Comment author: endoself 09 March 2011 03:03:05AM 0 points [-]

Oh, I see. I appear to have initially missed the phrase `much of my values'.

I am wary of referring to my current inconsistent values rather than their reflective equilibrium as `my values' because of the principle of explosion, but I am unsure of how to resolve this into my current self even having values.

Comment author: DanielVarga 09 March 2011 11:16:57AM *  1 point [-]

It seems our positions can be summed up like this: You are wary of referring to your current values rather than their reflective equilibrium as 'your values', because your current values are inconsistent. I am wary of referring to the reflective equilibrium rather than my current values as 'my values', because I expect the transition to reflective equilibrium to be a very aggressive operation. (One could say that I embrace my ignorance.)

My concern is that the reflective equilibrium is far from my current position in the dynamical system of values. Meanwhile, Marcello and Wei Dai are concerned that the dynamical system is chaotic and has multiple reflective equilibria.

Comment author: endoself 09 March 2011 08:20:56PM *  0 points [-]

I don't worry about the aggressiveness of the transition because, if my current values are inconsistent, they can be made to say that this transition is both good and bad. I share the concern about multiple reflective equilibrium. What does it mean to judge something as an irrational cishuman if two reflective equilibria would disagree on what is desirable?

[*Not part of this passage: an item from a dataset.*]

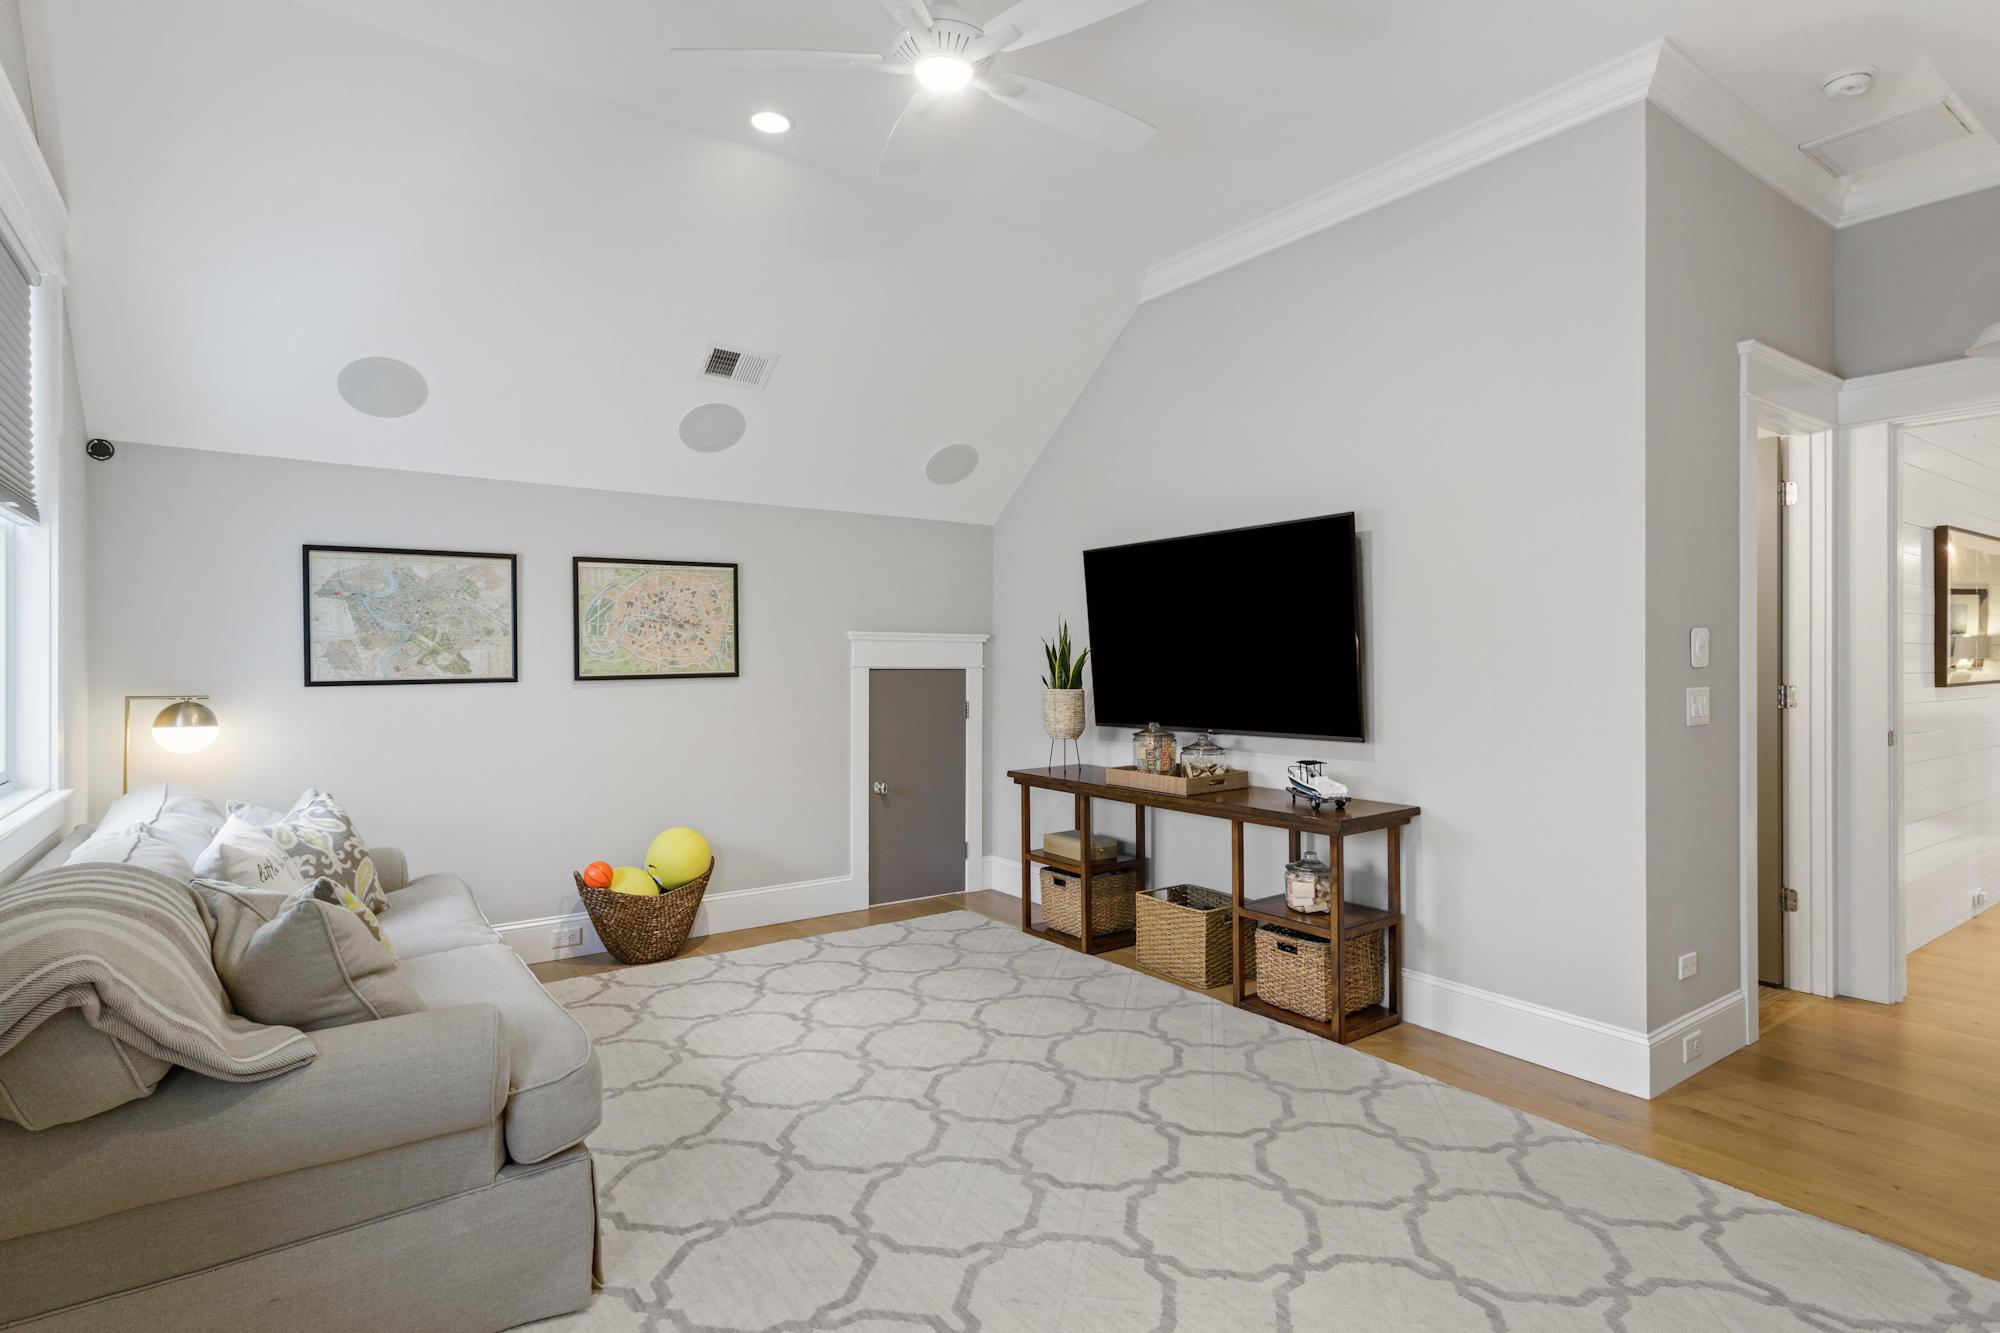 Daniel Island Park Homes For Sale - 458 Lesesne, Charleston, SC - 2

Comment author: TheOtherDave 09 March 2011 04:24:20PM 0 points [-]

I expect the transition to reflective equilibrium to be a very aggressive operation.

Upvoted purely for the tasty, tasty understatement here.

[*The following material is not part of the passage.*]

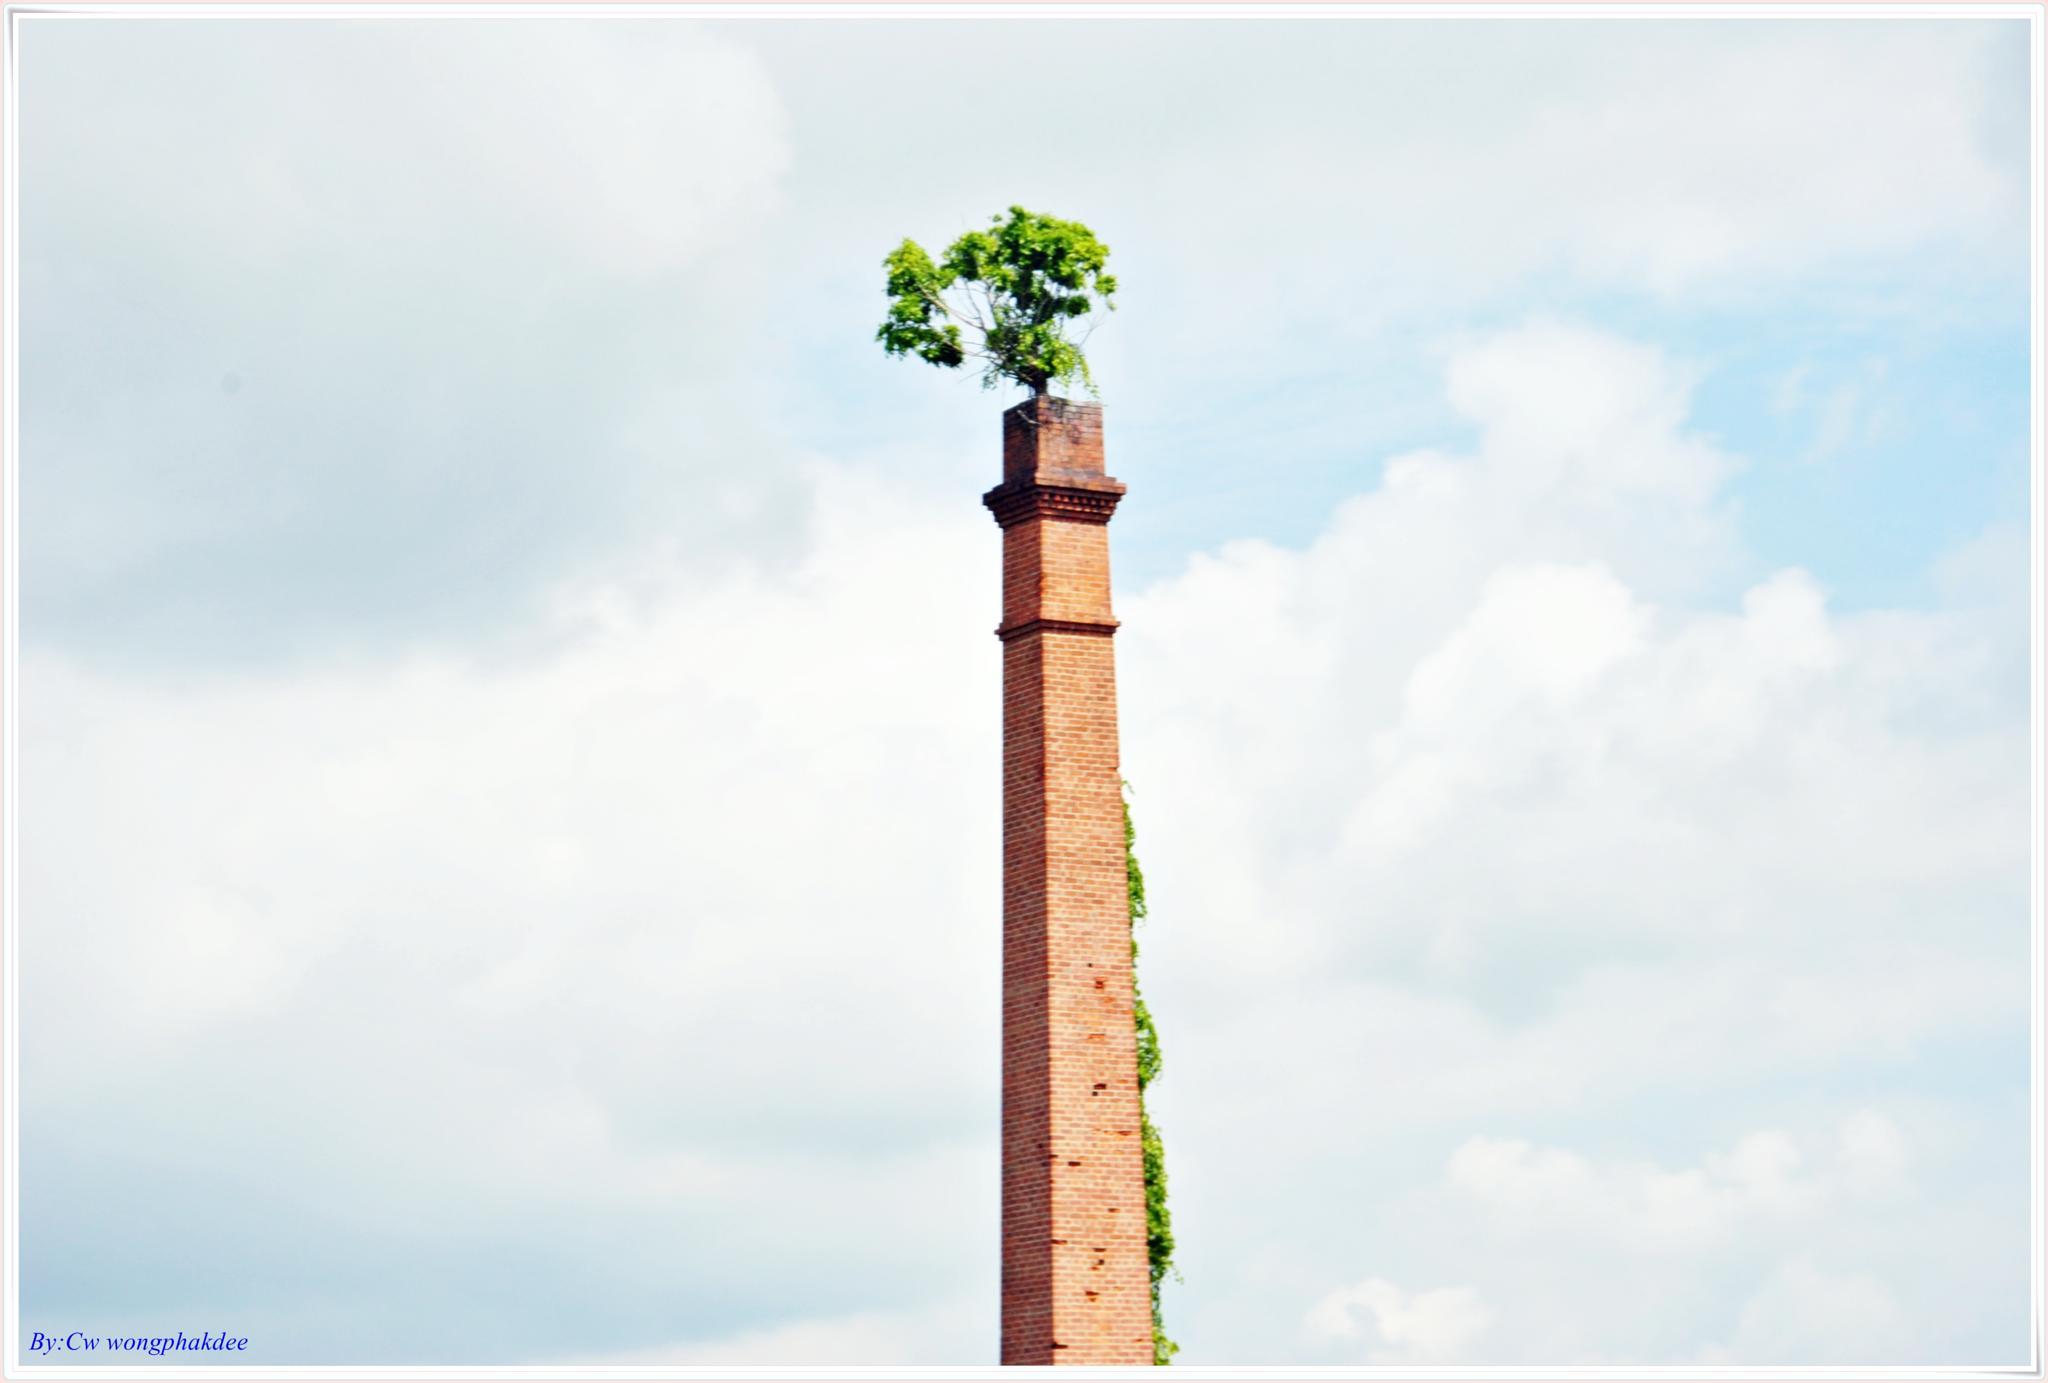 Chimney tree by Wongphakdee

I should get that put on a button.

Comment author: Pavitra 09 March 2011 03:22:21AM 0 points [-]

I like to think of my "true values" as (initially) unknown, and my moral intuitions as evidence of, and approximations to, those true values. I can then work on improving the error margins, confidence intervals, and so forth.

Comment author: endoself 09 March 2011 03:36:50AM 0 points [-]

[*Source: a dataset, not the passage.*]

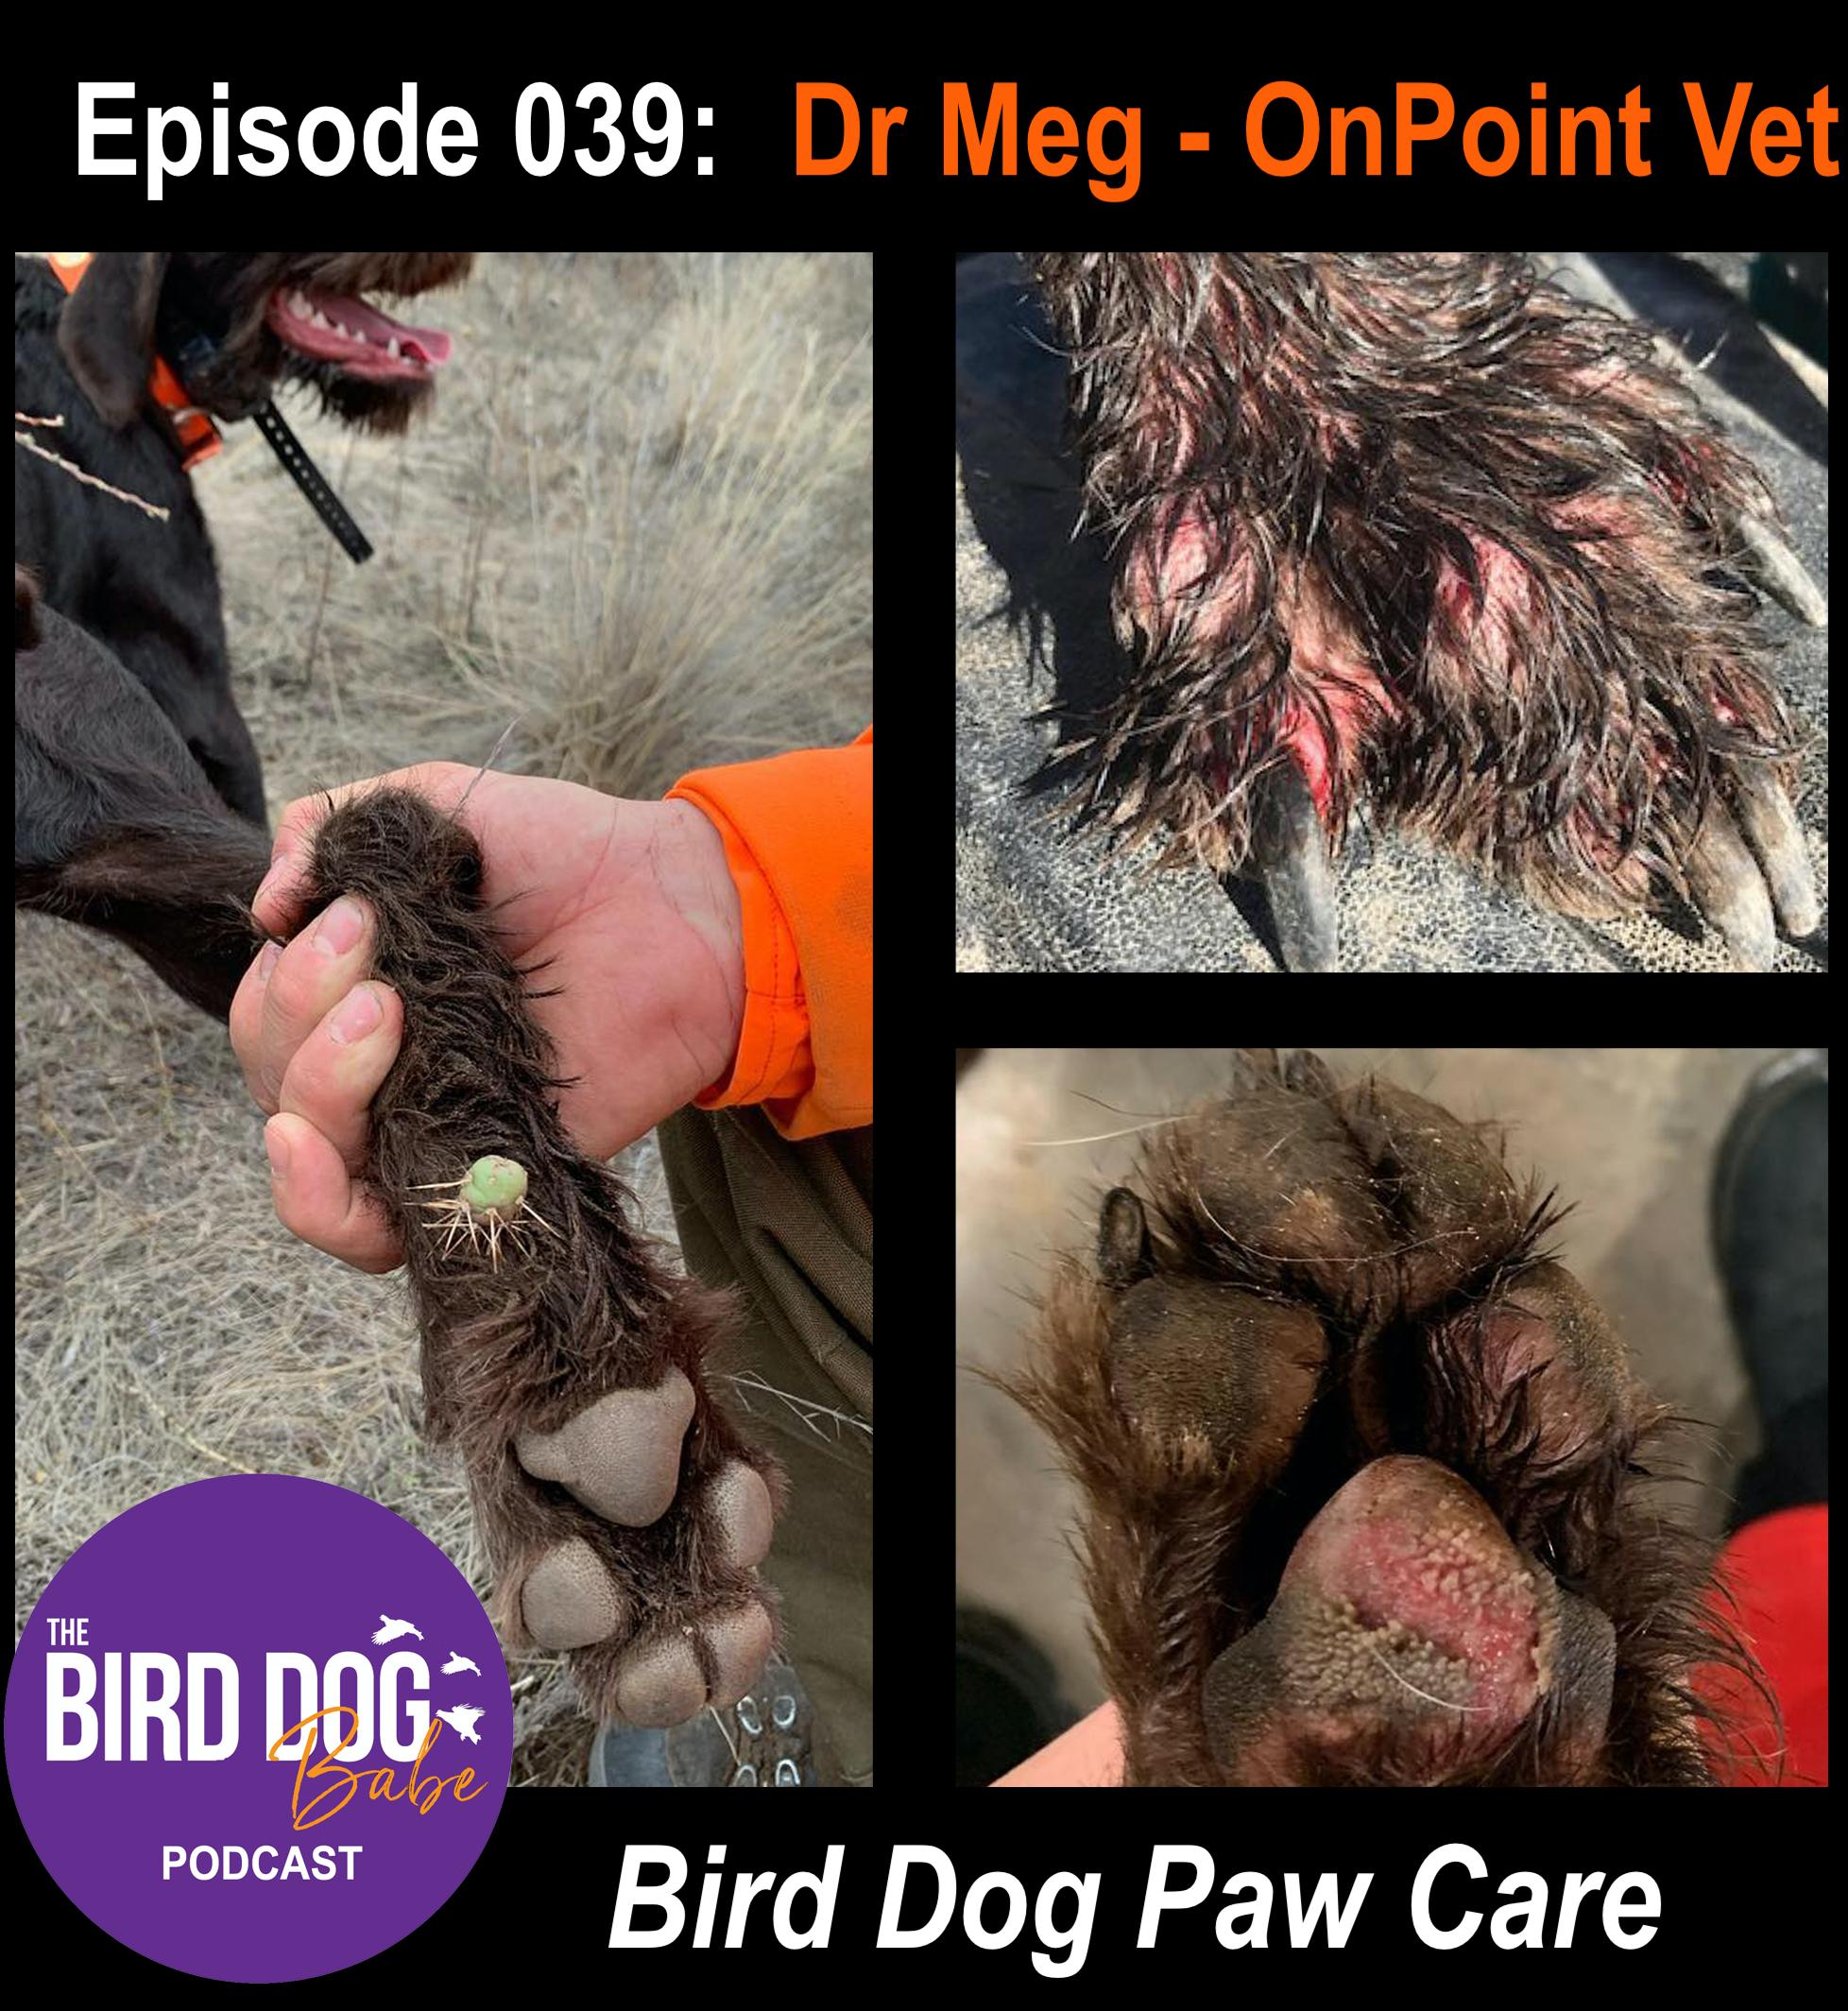 Episode 039: Bird Dog Paw Care w/ Dr Meg

So do I, but I worry that they are not uniquely defined by the evidence. I may eventually be moved to unique values by irrational arguments, but if those values are different from my current true values than I will have lost something and if I don't have any true values than my search for values will have been pointless, though my future self will be okay with that.

Comment author: Pavitra 08 March 2011 04:34:12AM 0 points [-]

Your point about partial ordering is very powerfully appealing.

However, I feel that any increase in utility from mere accumulation tends strongly to be completely overridden by increase in utility from increasing the quality of the best thing you have, such as by synthesizing a symphony and a theorem together into some deeper, polymathic insight. There might be edge cases where a large increase in quantity outweighs a small increase in quantity, but I haven't thought of any yet.

(Incidentally, I just noticed that I've been using terms incorrectly and I'm actually a consequentialist rather than a utilitarian. What should I be saying instead of "utility" to mean that-thing-I-want-to-maximize?)